Unemployment can be lonely. "It's isolating to be unemployed and at home while most of the rest of the world is working," said Jennifer Hong, a mother of three in South Carolina. So she did something about it.
"I've been unemployed for two years. I couldn't find a forum or a place for people like myself to discuss unemployment issues so I created one," said Hong, who launched www.unemployed-friends.com last July. "I didn't think it would take off, but people started coming and it really grew."
Hong said the site gets about 5,000 unique visitors a day and that there are 200 to 300 members online at any given time. People write in the forum not only about the frustrations of the jobless life, but also about what's going on in Washington, D.C. with extensions of unemployment benefits -- and how they can get involved.
Hong's may be the only site specifically designed as a forum for casualties of the recession, but the unemployed pool their emotional and logistical resources in lots of places online. At www.opencongress.org, a Sunlight Foundation site that enables readers to track legislation, bills regarding unemployment benefits frequently top the "most viewed" box on the site's "issues" page.

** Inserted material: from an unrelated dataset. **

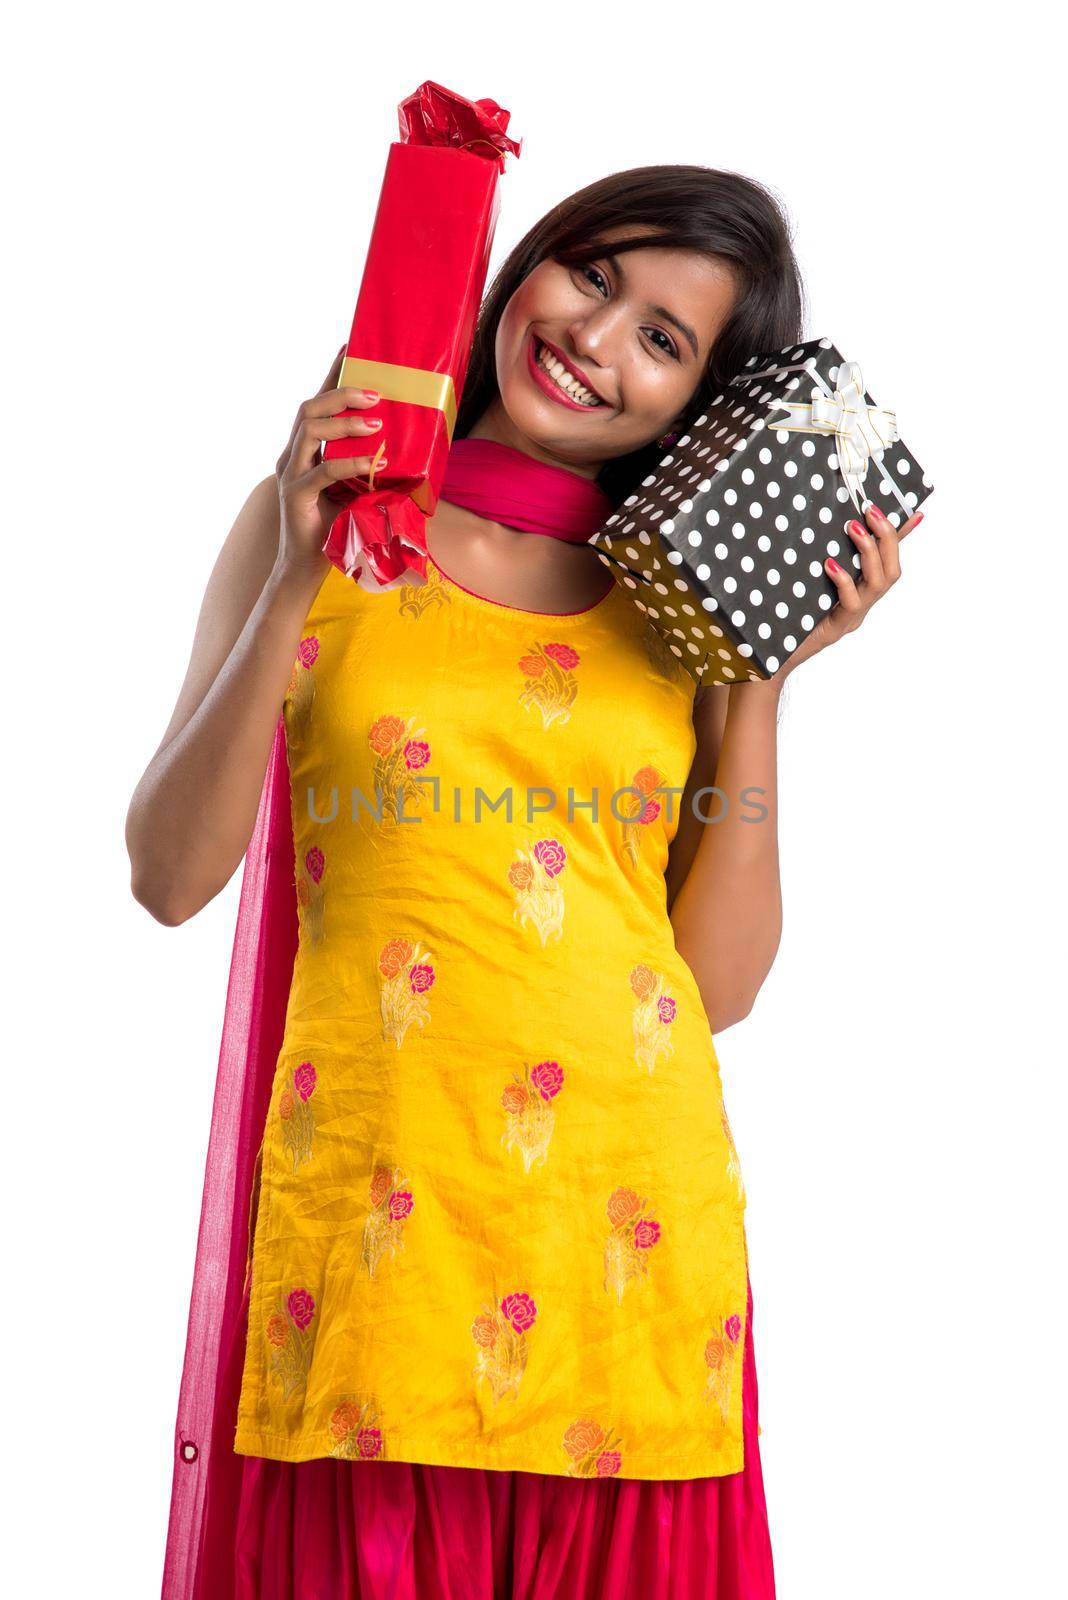 Portrait of young happy smiling Indian Girl holding gift boxes on a white background. by DipakShelare

"One of the things that surprises us is the number of people who comment on and follow closely bills to extend unemployment benefits," said Sunlight's Bill Allison. "Some of whom are almost like self-organizing self-help groups where people share information on benefits in their states."

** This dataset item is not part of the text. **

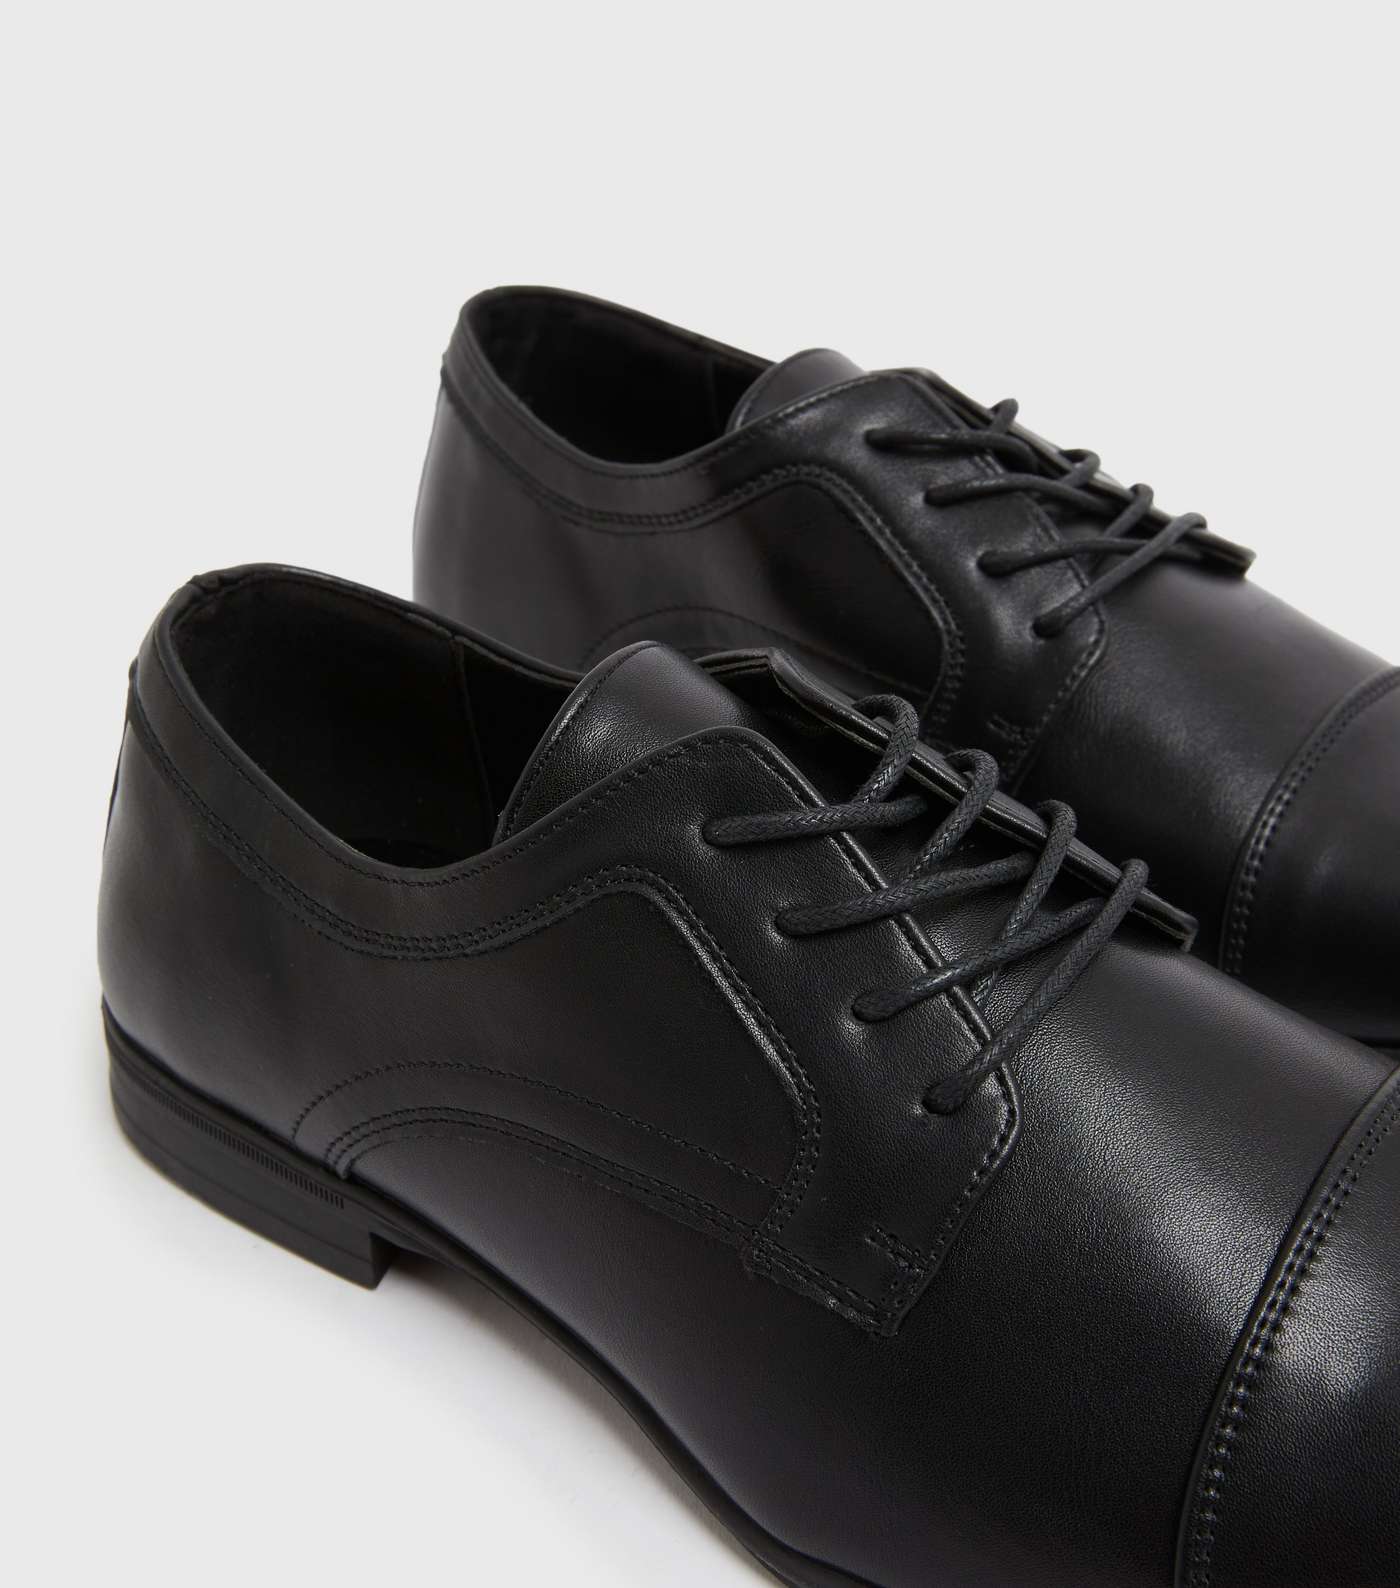 Black Leather-Look Oxford Shoes Image 4

That's certainly the case with the page for a previous unemployment benefits extension -- the page has 57,000 comments, many of them from people explaining to each other how the law might affect them where they live.
Before adjourning for its two-week Easter break at the end of March, Congress failed to extend the Emergency Unemployment Compensation program, which provides up to 53 weeks of unemployment benefits on top of the 26 weeks provided by states. The program lapsed on April 6, and some benefits recipients have been told they will soon stop receiving checks (though it's unclear that state workforce agencies have actually stopped their EUC programs since people generally expect Congress to get its act together next week).
HuffPost readers: If you prematurely lost or expect to lose access to Emergency Unemployment Compensation because of the lapse, tell us about it -- email firstname.lastname@example.org.
Mike Thornton, a freelance writer in Rochester, N.Y. has been blogging for the Examiner about every incremental development since Congress began its game of chicken with unemployment benefits before the break.
"It just happened to hit me that what Congress is doing is using the unemployed as pawns for their political battles," said Thornton in an interview with HuffPost. (Thornton himself is not receiving unemployment benefits.) "I get a little obsessed with things and I found a niche."
Thornton said his readership has grown steadily and that he receives 15 to 20 emails a day from people desperate to know what Congress might do -- and also just to tell him what's happening on the ground. "I'm getting some really heartbreaking stories from some people who are really going through some difficult times, and it would seem to me I'm more of a venting source," he said. "I respond to every letter I get."
Hong said that at www.unemployed-friends.com, readers are most interested in whether Congress will add an additional "tier" of benefits to the four tiers (consisting of several weeks each) available under the Emergency Unemployment Benefits program. In some states, laid-off workers can get 99 weeks of benefits.
Just before the break, Sen. Tom Coburn, the Oklahoma Republican who has led the party's stand on deficit reduction and blocked Democrats' efforts to extend benefits, said that Congress would push the lifeline to 103 weeks and beyond -- but neither Democratic nor Republican leadership has confirmed that that will happen.
Hong said she ran out of benefits last week. Fortunately, her husband found work after they both lost their jobs in the Michigan automotive industry and moved to South Carolina. They have three young children. "I don't know how long I can hold on," she said.